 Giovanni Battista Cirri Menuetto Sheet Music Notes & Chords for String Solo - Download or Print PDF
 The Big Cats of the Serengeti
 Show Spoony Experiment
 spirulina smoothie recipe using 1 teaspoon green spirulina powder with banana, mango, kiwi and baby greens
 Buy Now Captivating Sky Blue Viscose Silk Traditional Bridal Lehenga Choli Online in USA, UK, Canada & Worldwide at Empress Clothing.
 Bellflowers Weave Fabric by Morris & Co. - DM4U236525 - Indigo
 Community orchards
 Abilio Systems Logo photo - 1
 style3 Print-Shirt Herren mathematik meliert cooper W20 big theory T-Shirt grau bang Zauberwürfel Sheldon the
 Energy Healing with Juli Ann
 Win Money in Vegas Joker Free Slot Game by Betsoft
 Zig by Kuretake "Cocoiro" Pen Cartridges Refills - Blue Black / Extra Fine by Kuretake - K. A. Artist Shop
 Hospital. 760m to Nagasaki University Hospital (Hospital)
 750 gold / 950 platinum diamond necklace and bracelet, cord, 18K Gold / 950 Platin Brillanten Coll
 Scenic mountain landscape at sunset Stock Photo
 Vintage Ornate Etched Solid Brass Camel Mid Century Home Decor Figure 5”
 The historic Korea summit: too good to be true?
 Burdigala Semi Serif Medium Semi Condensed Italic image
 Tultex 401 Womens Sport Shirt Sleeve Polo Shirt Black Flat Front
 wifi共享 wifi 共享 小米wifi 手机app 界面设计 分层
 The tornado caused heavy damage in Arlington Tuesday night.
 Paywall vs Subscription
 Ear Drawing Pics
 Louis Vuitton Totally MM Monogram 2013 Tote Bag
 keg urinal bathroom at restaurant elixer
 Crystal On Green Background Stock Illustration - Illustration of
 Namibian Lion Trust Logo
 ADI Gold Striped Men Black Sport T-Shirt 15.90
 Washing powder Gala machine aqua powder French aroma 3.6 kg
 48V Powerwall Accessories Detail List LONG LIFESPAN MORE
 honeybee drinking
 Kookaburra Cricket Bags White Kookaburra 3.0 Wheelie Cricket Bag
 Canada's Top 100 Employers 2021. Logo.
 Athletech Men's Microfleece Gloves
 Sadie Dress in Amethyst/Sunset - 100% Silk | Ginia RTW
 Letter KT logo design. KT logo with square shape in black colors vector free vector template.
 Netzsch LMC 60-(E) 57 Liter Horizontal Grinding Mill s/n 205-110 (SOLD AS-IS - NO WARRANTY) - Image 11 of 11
————
#### [Exercise directions]
From the material above, please return each line containing "Blue".

#### [Written answer]
 Buy Now Captivating Sky Blue Viscose Silk Traditional Bridal Lehenga Choli Online in USA, UK, Canada & Worldwide at Empress Clothing.
 Zig by Kuretake "Cocoiro" Pen Cartridges Refills - Blue Black / Extra Fine by Kuretake - K. A. Artist Shop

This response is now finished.